On November 14, 2023, the Pirates added Cheng to their 40-man roster to protect him from the Rule 5 draft. Before the 2024 season, MLB Pipeline ranked him the 17th-best Pirates prospect. Cheng was optioned to Double-A Altoona to begin the year. In 126 appearances for the Curve, he slashed .218/.320/.341 with 11 home runs, 54 RBI, and 16 stolen bases. On September 17, the Pirates promoted Cheng to the Triple-A Indianapolis Indians.

Cheng was optioned to Triple-A Indianapolis to begin the 2025 season. On April 7, he was promoted to the major leagues when Jared Triolo was injured. On April 9, Cheng made his major league debut against the St. Louis Cardinals, becoming the 18th MLB player from Taiwan. He made three appearances for Pittsburgh during his rookie campaign, going 0-for-7 with three strikeouts. Cheng was designated for assignment by the Pirates on December 19.

===Boston Red Sox===
On January 8, 2026, Cheng was claimed off waivers by the Tampa Bay Rays. He was designated for assignment by the Rays on January 12. On January 16, Cheng was claimed off waivers by the New York Mets, who designated him for assignment on January 21. On January 28, he was claimed off of waivers by the Washington Nationals. After the Nationals acquired George Soriano on January 30, Cheng was designated for assignment. On February 6, he was claimed off of waivers again, this time by the Boston Red Sox. He was optioned to the Triple-A Worcester Red Sox to begin the regular season. Cheng hit for the cycle, the first in Worcester Red Sox history, on April 10. On June 26, Cheng was promoted to the major-league Red Sox and recorded his first major league hit (a double), first RBI, and first walk against the New York Yankees.

==International career==
Shortly after signing with the Pittsburgh Pirates, Cheng competed in the 2019 U-18 Baseball World Cup. Cheng was named to the Taiwanese national team roster for the 2023 World Baseball Classic. Over the course of the tournament, he batted for a .333 (5-for-15) batting average as a leadoff hitter and drove in three runs. Later that year, Cheng appeared in the postponed 2022 Asian Games, competing in five baseball games, batting .318/.455/.348 in 22 at-bats, and winning a silver medal with Taiwan.

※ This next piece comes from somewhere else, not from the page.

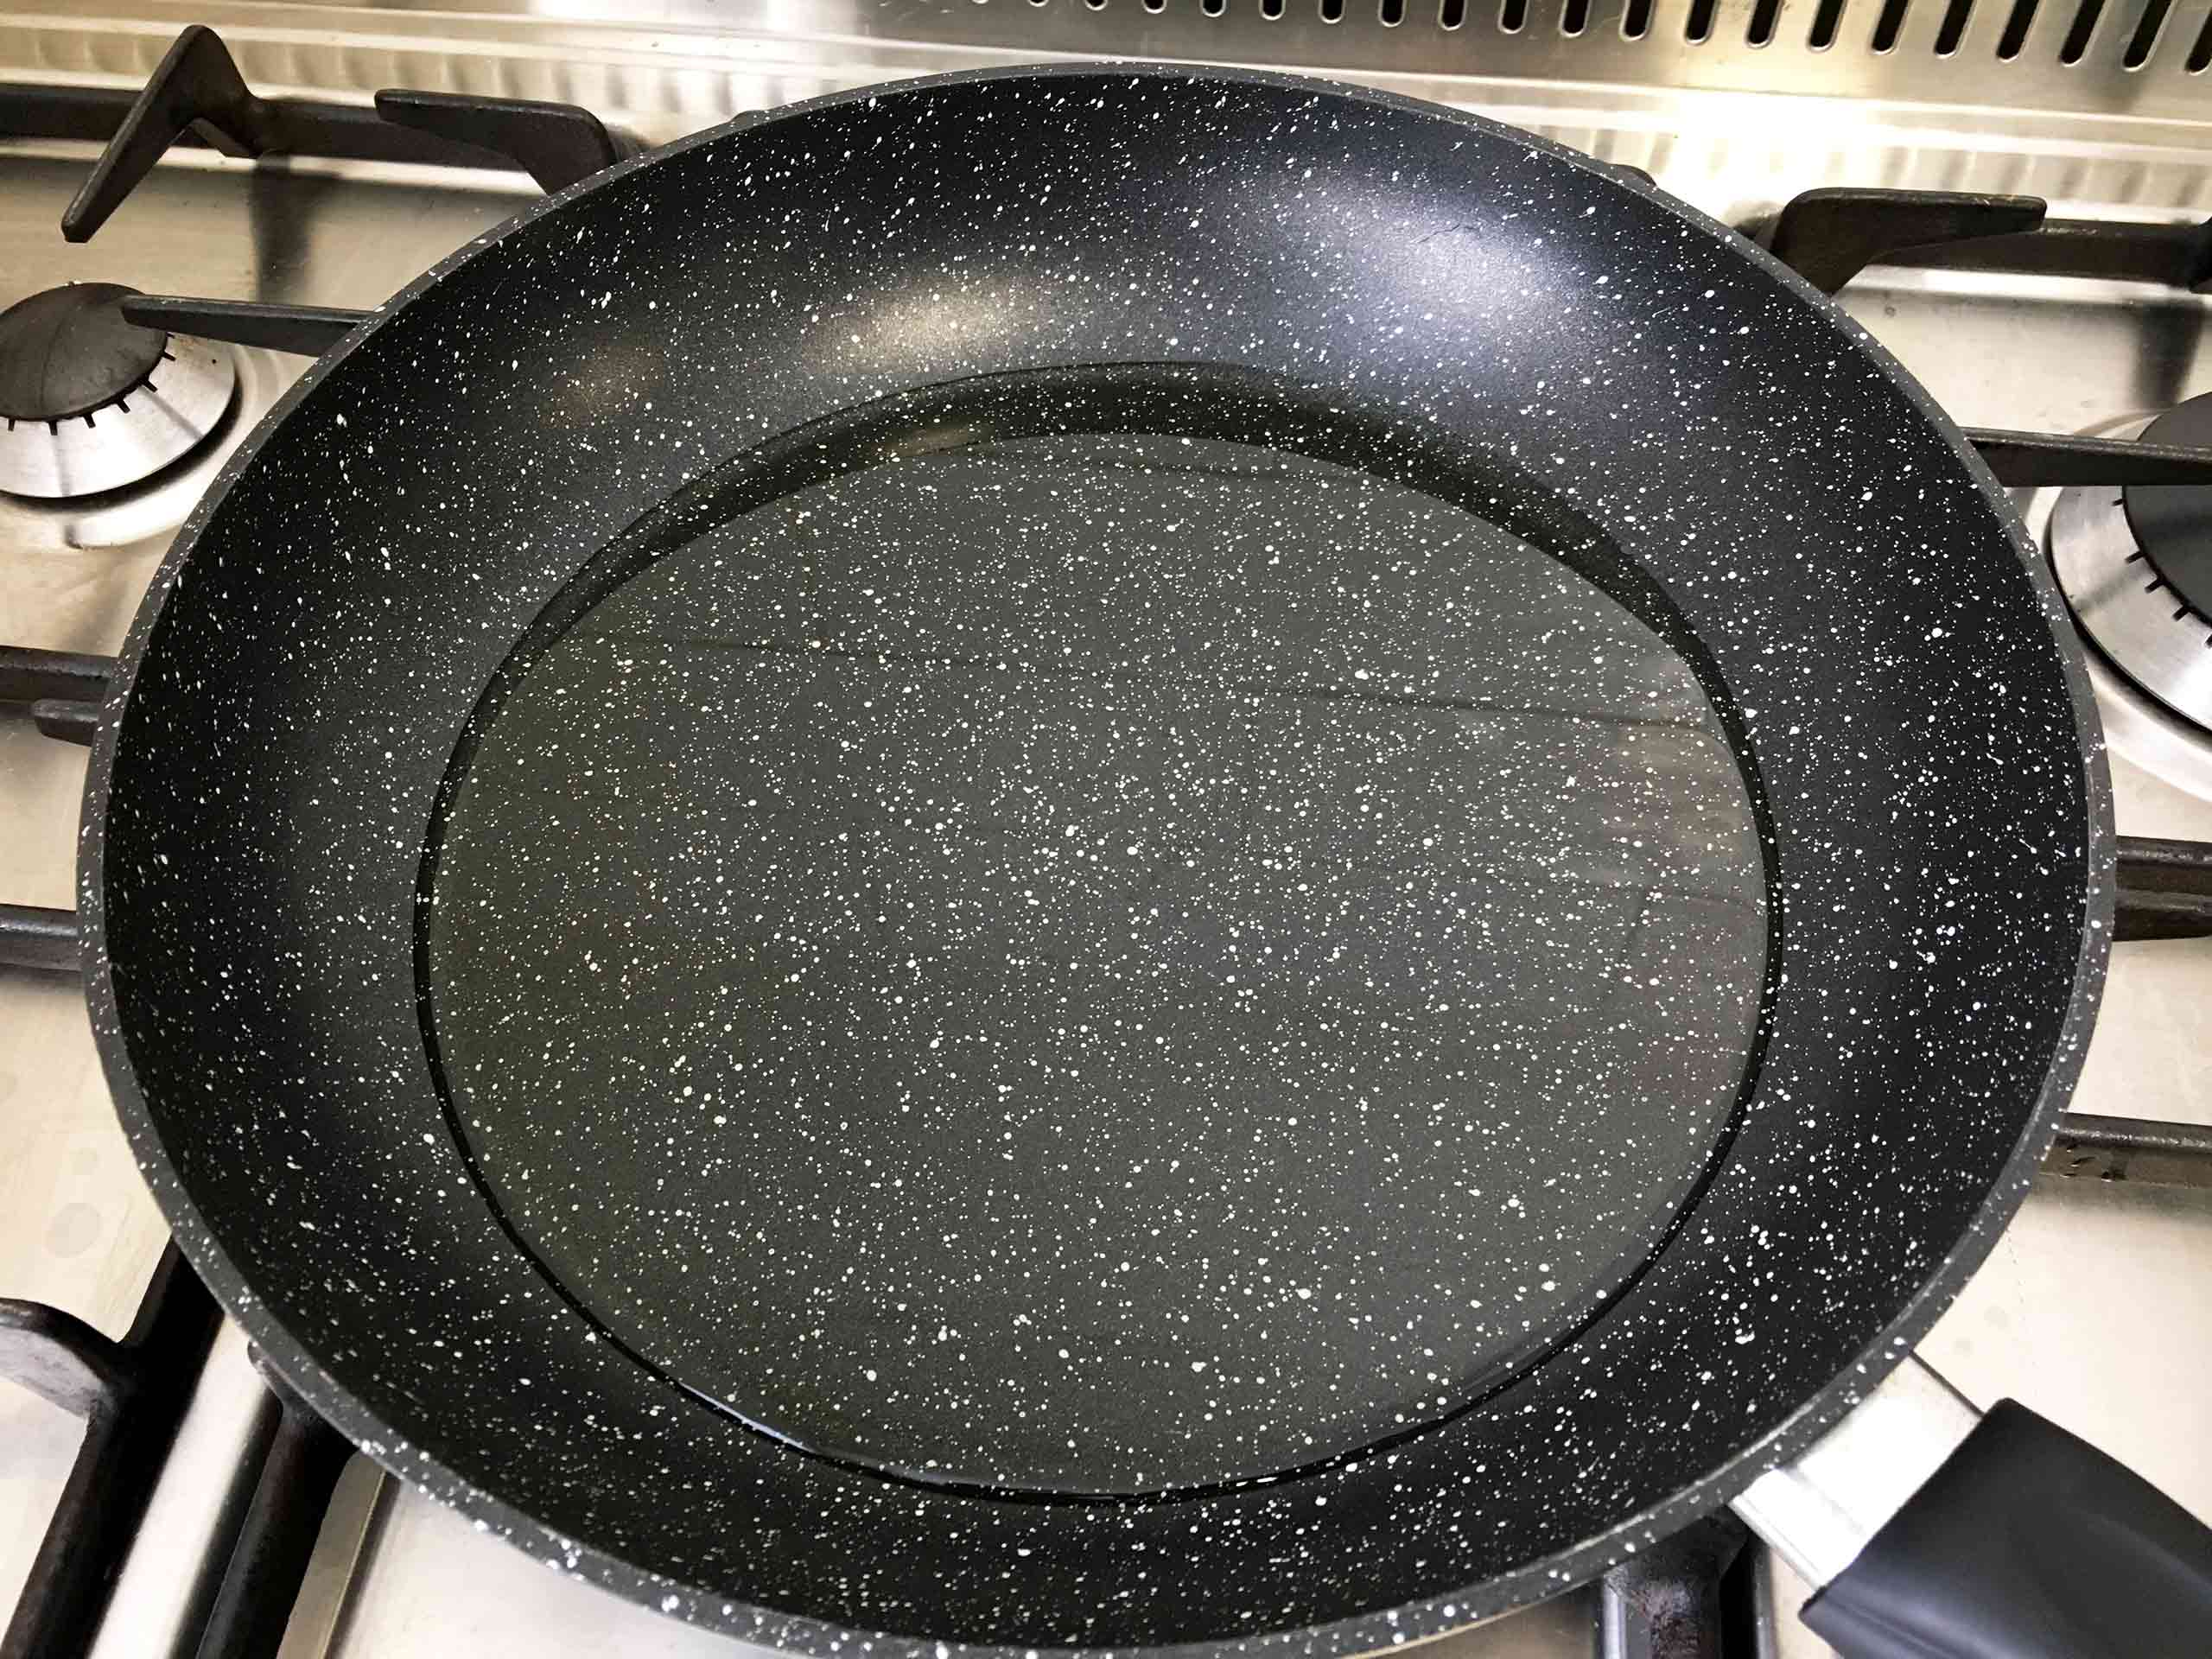 heat oil in frying pan

Cheng was named to Taiwan's preliminary roster for the World Baseball Classic 2025 Qualifiers, but later withdrew. Cheng was selected to play in the 2026 World Baseball Classic. In the third game of the tournament, Cheng and teammate Stuart Fairchild each stole three bases, contributing to a single-game national team record of eight steals. With the conclusion of the 2026 WBC, Cheng led the tournament in steals, with four stolen bases.

==Personal life==
Cheng is known by the nickname "Z" because the pinyin of the three Chinese characters in his name, ISO, all start with the letter Z. The actual romanization of his name uses the Wade–Giles system.

Cheng is married to Irene. The couple met in elementary school and started dating after high school.